── COLLECTED DATA ──
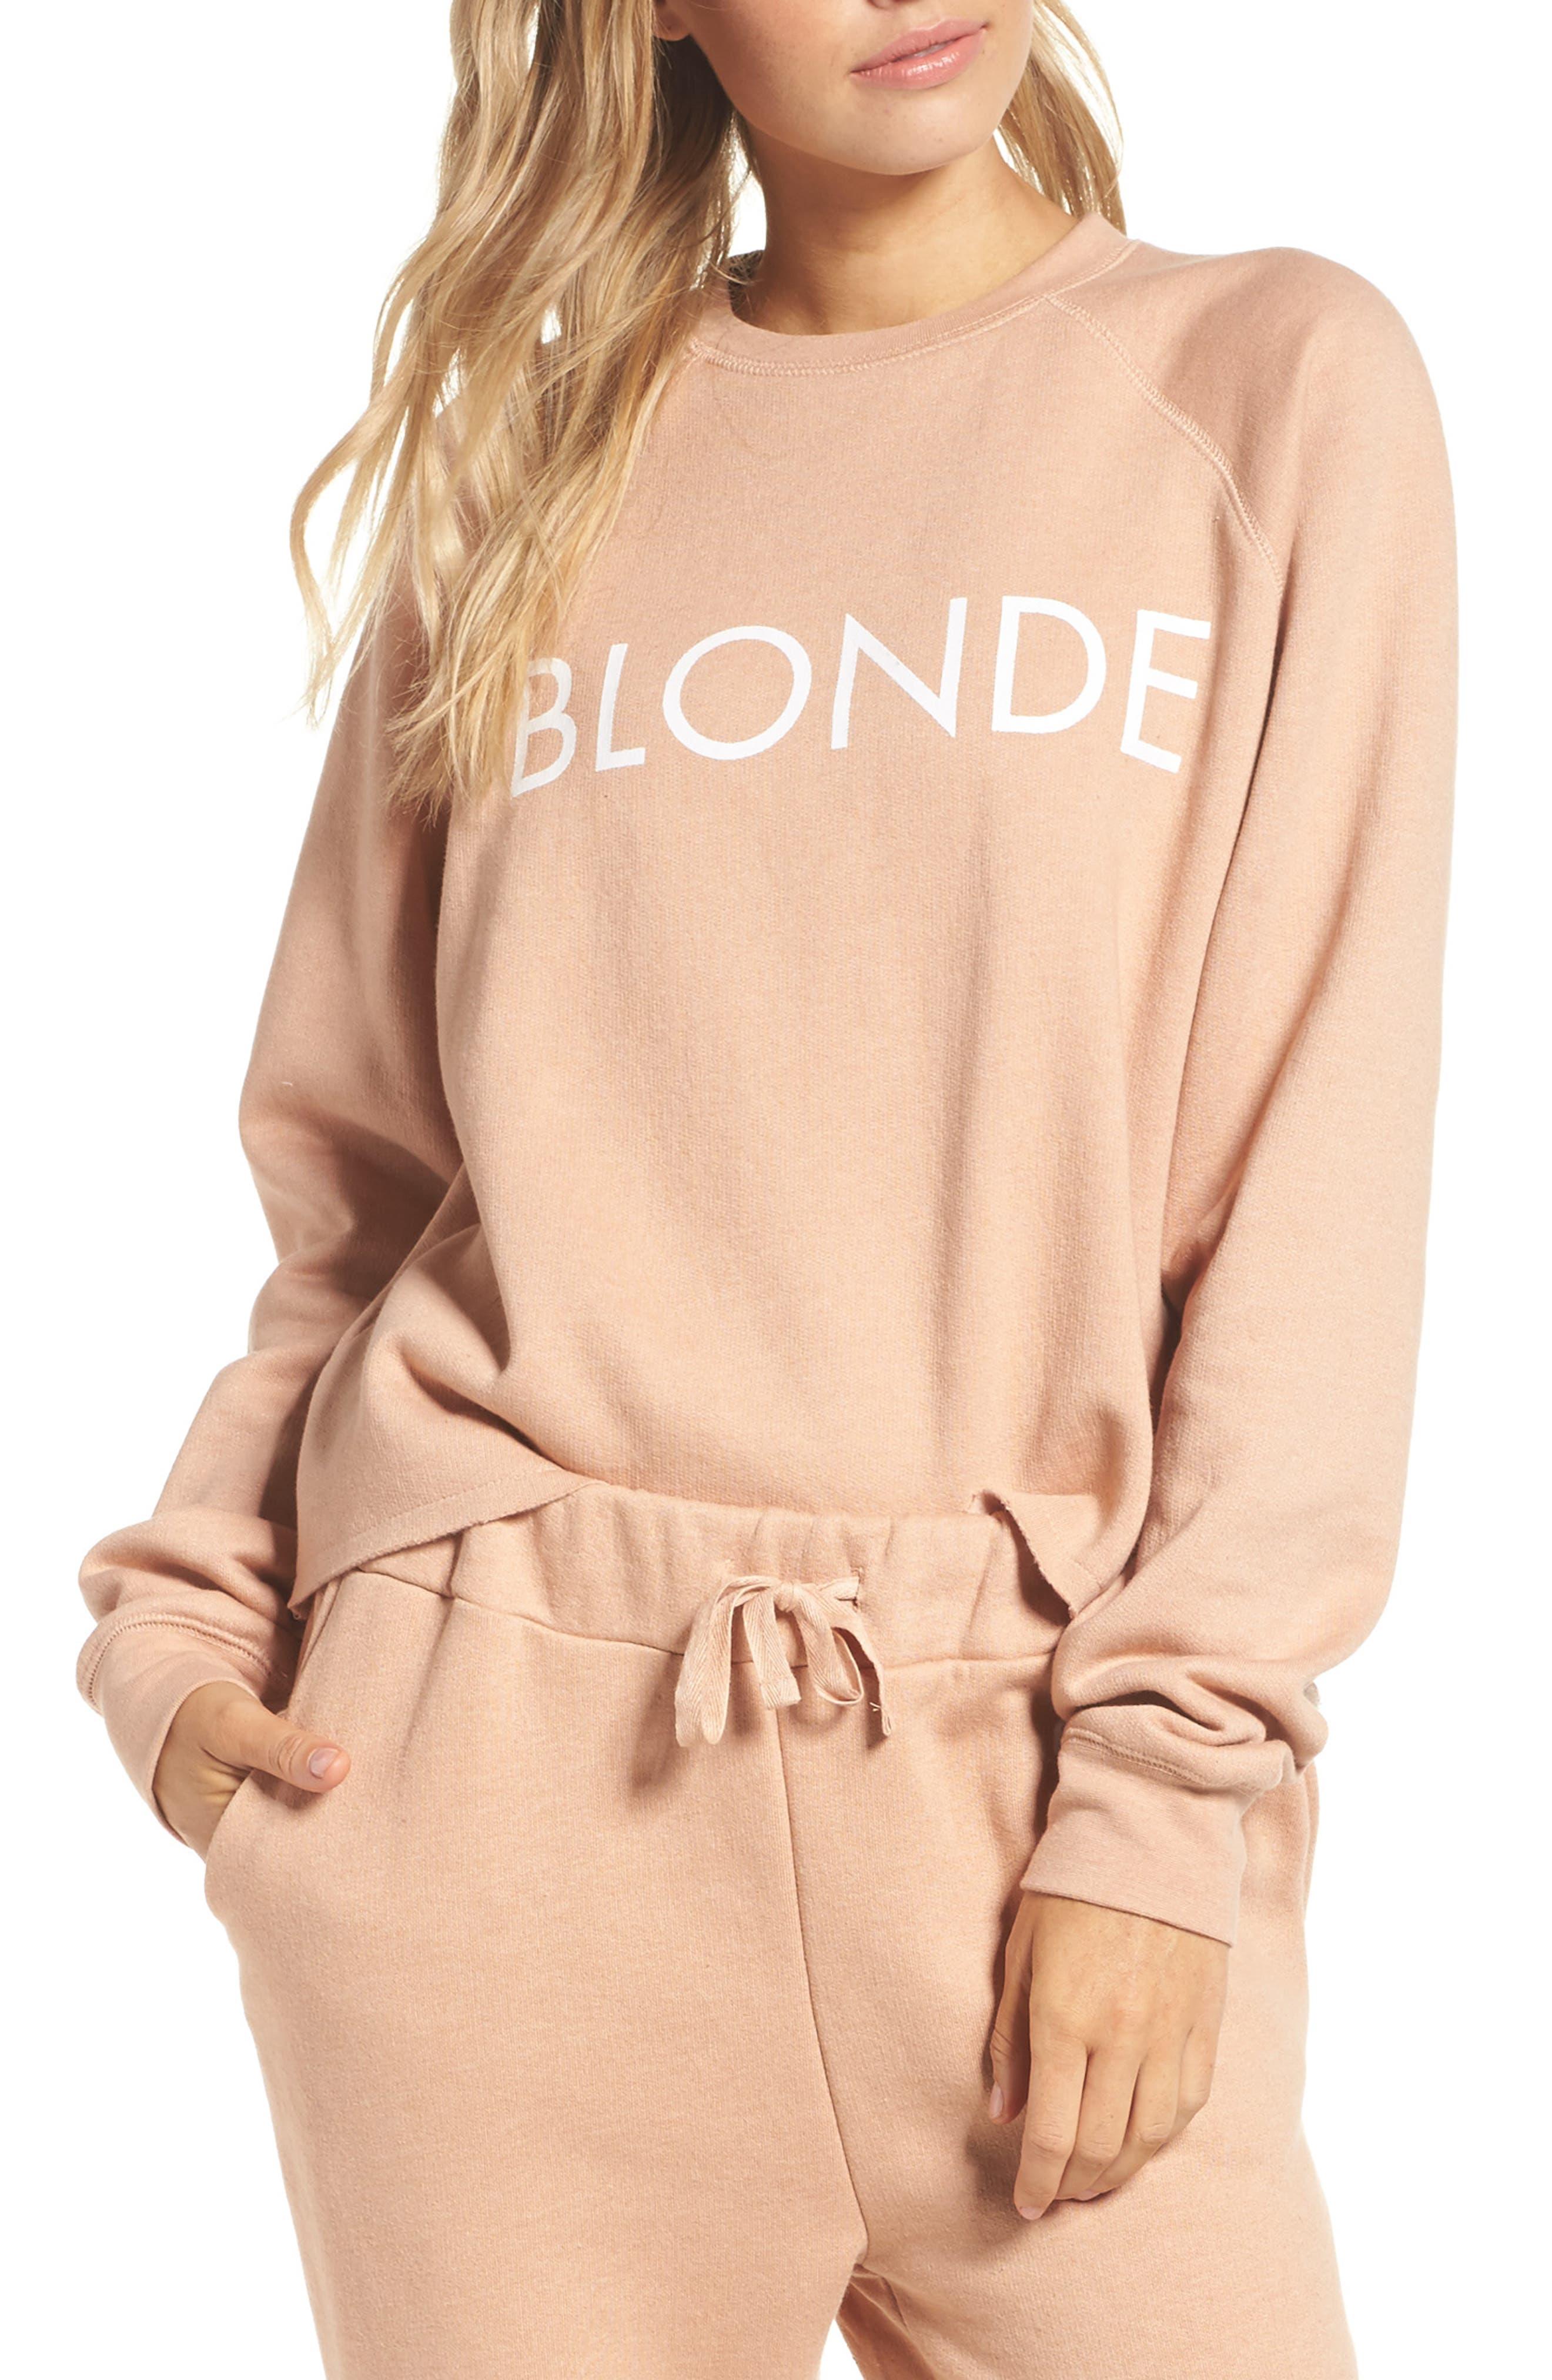 Middle Sister Blonde Sweatshirt,                         Main,                         color, Beige
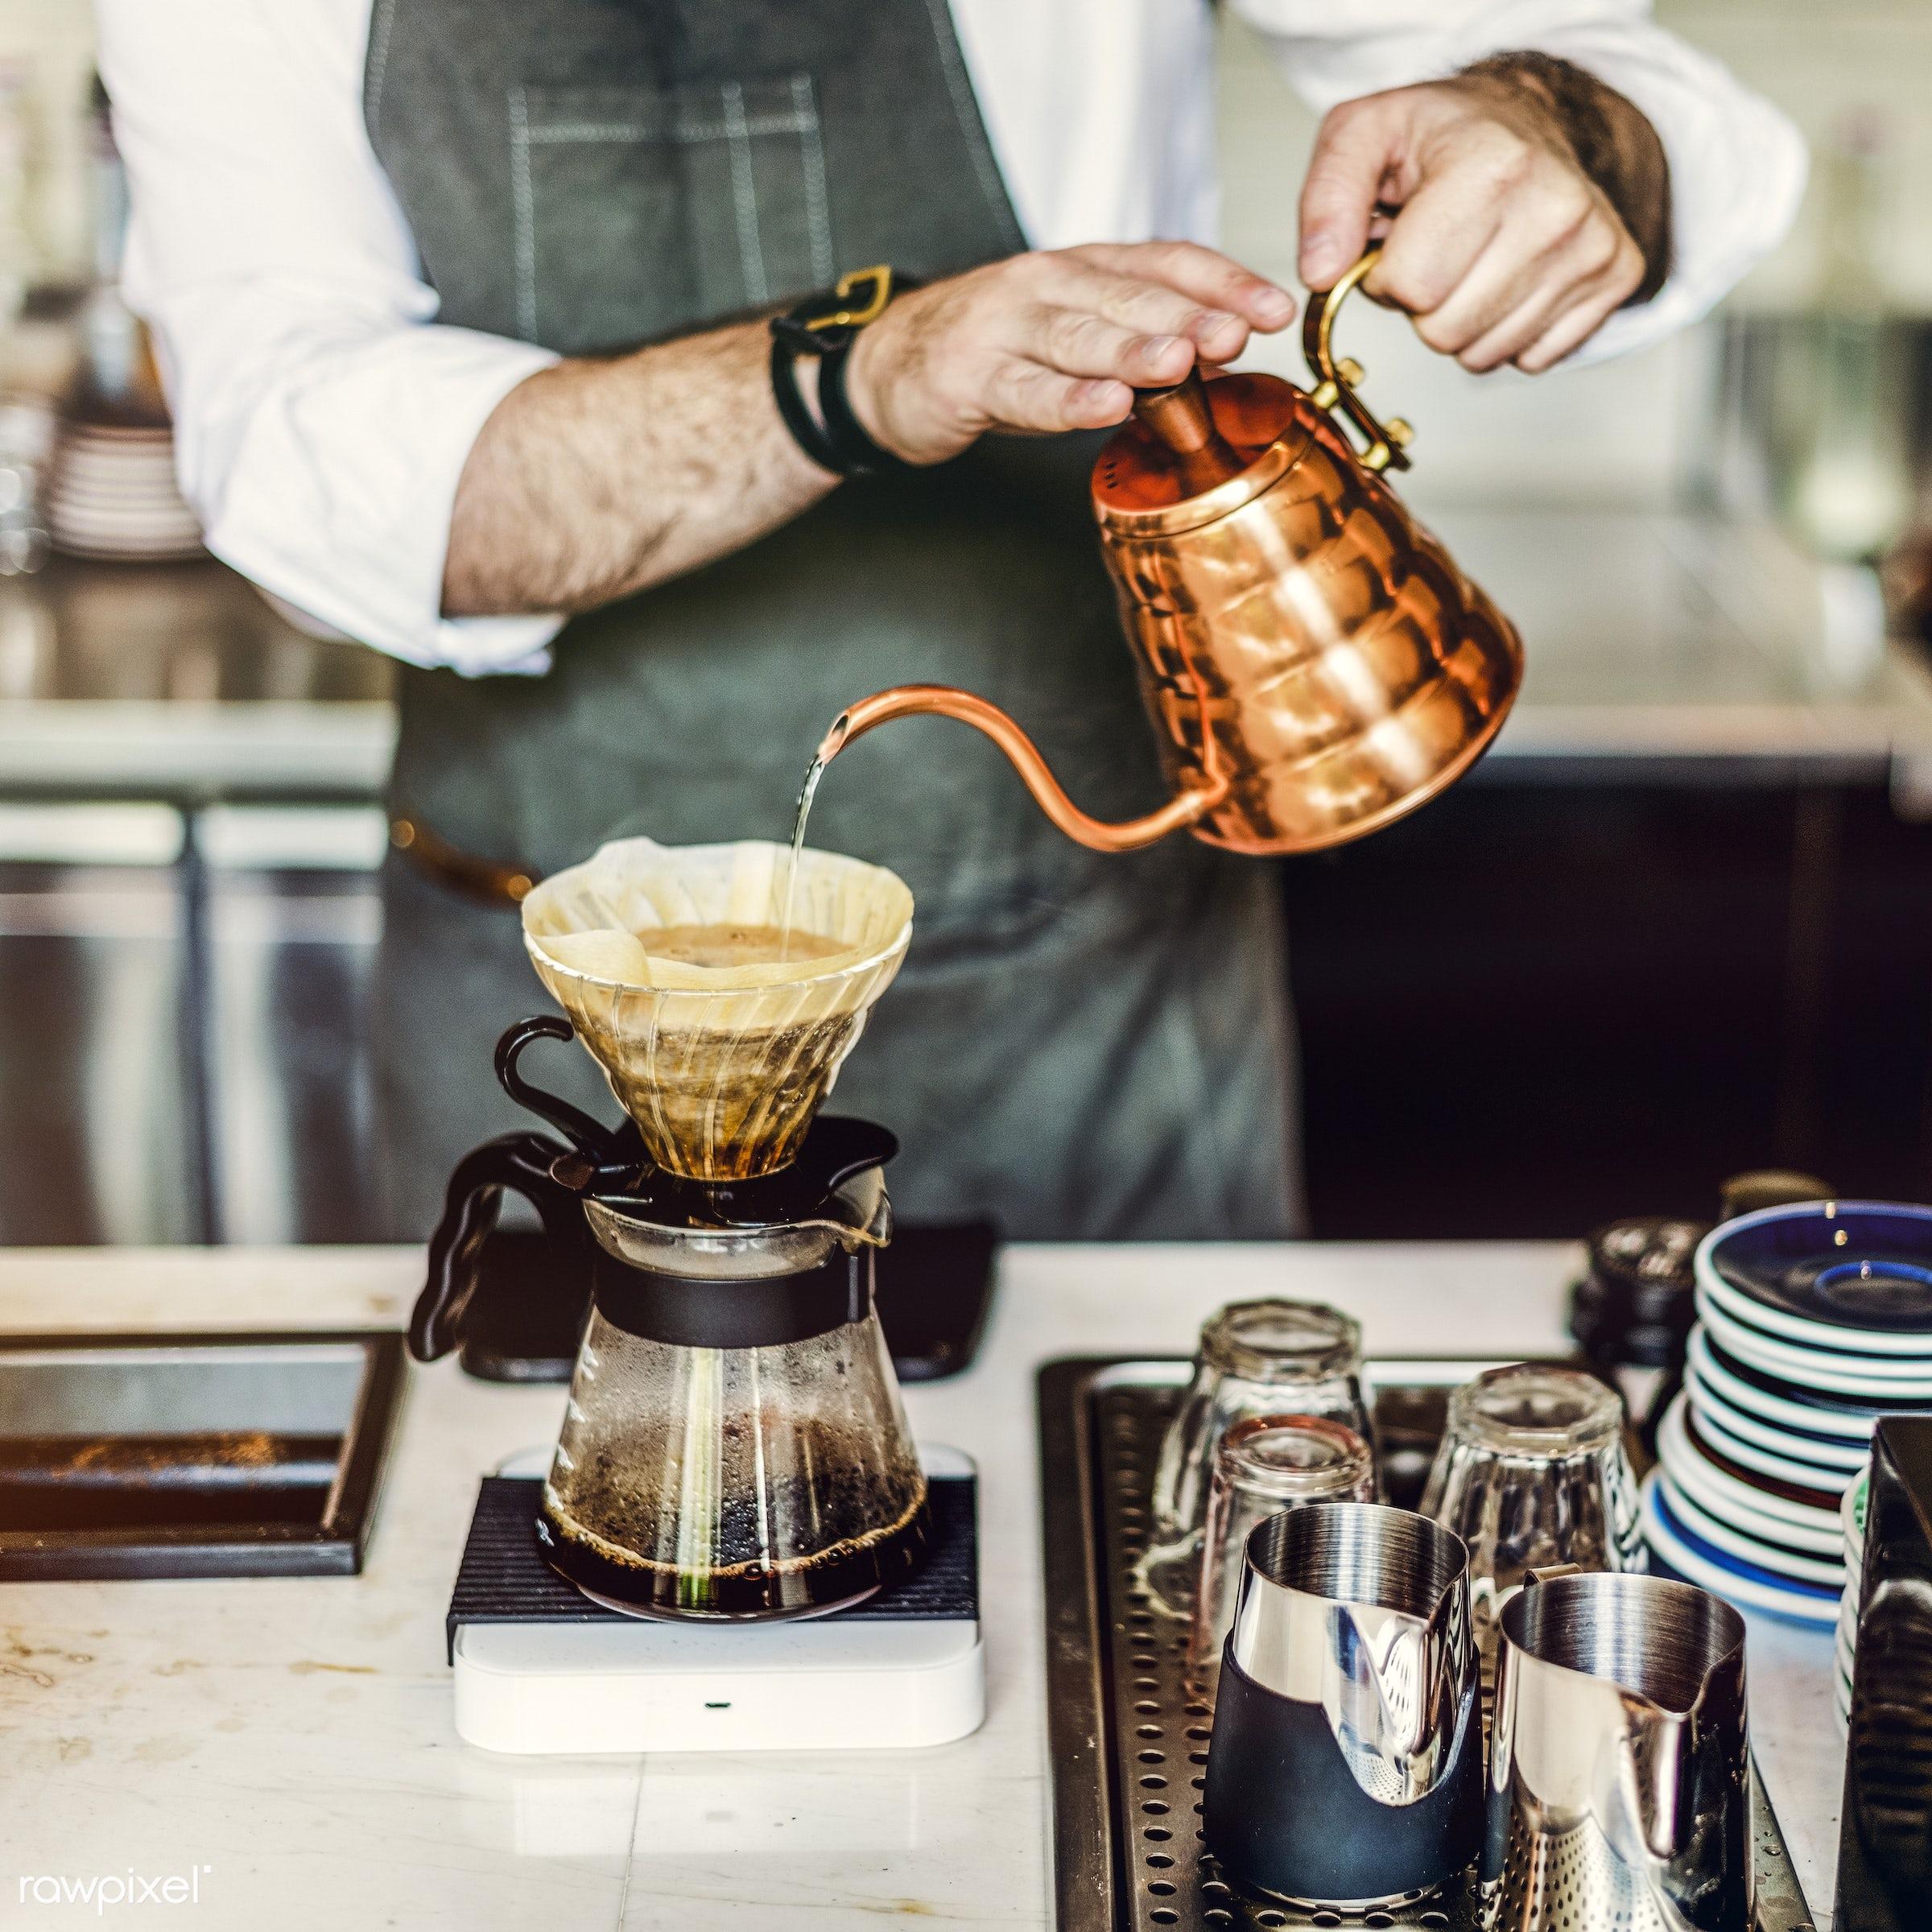 Barista is making coffee - coffee, alone, barista, beverage, brew, career, coffee shop, drink, drip, jug, machine, making,...
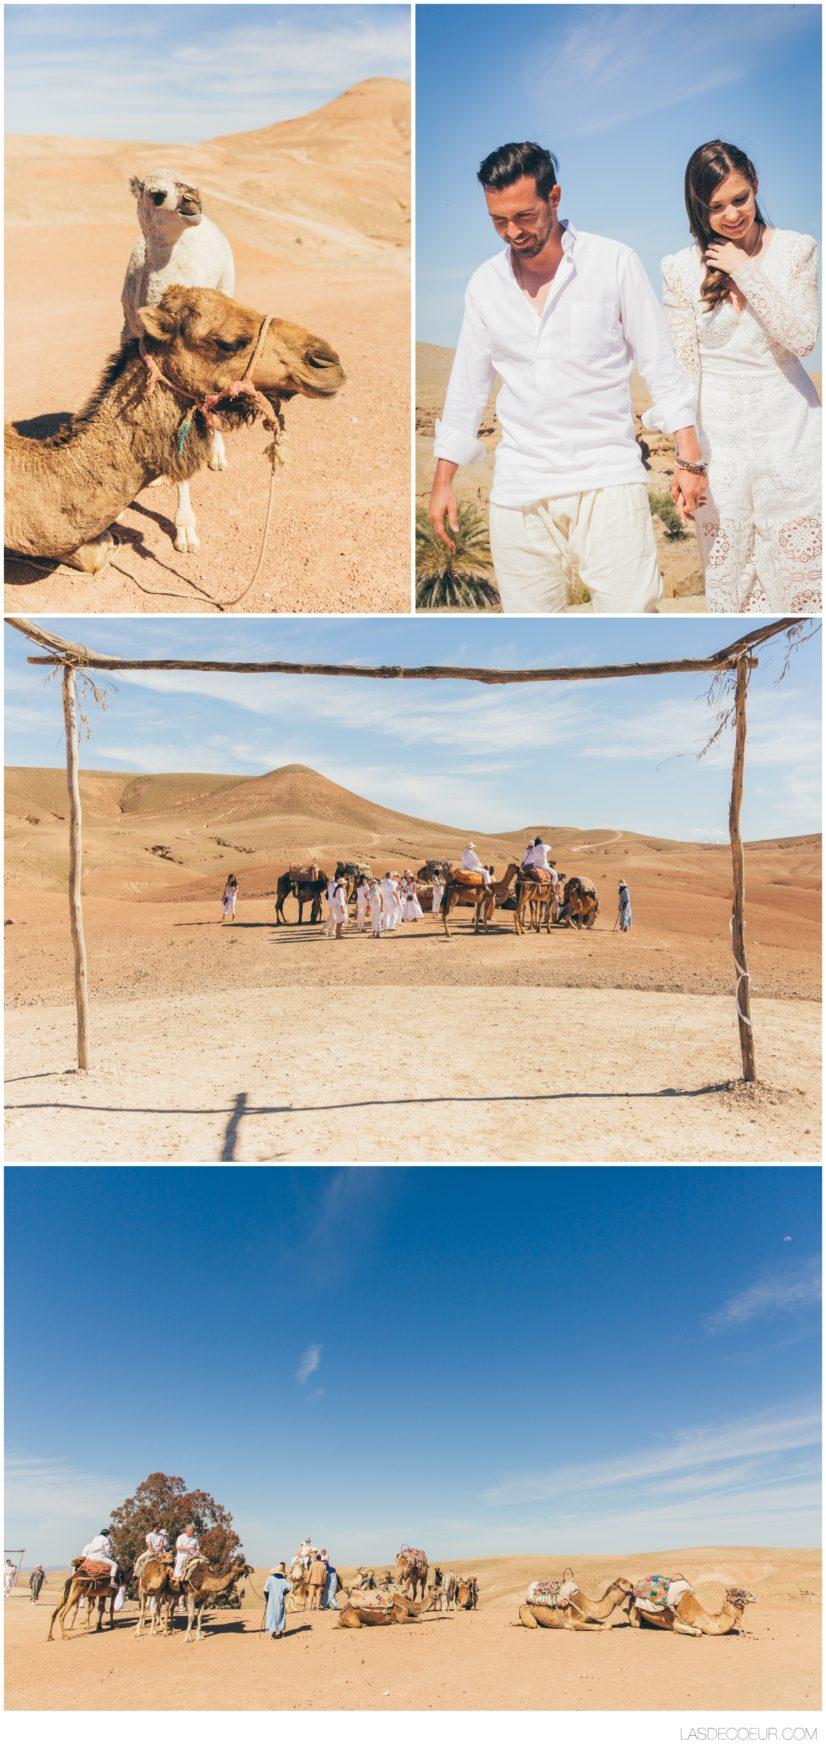 Photo mariage Marrakech désert Agafay
───
WORK ITEM
Without any pictures, transcribe the listing above exactly as written.

REPLY TO THE TASK
 Middle Sister Blonde Sweatshirt,                         Main,                         color, Beige
 Barista is making coffee - coffee, alone, barista, beverage, brew, career, coffee shop, drink, drip, jug, machine, making,...
 Photo mariage Marrakech désert Agafay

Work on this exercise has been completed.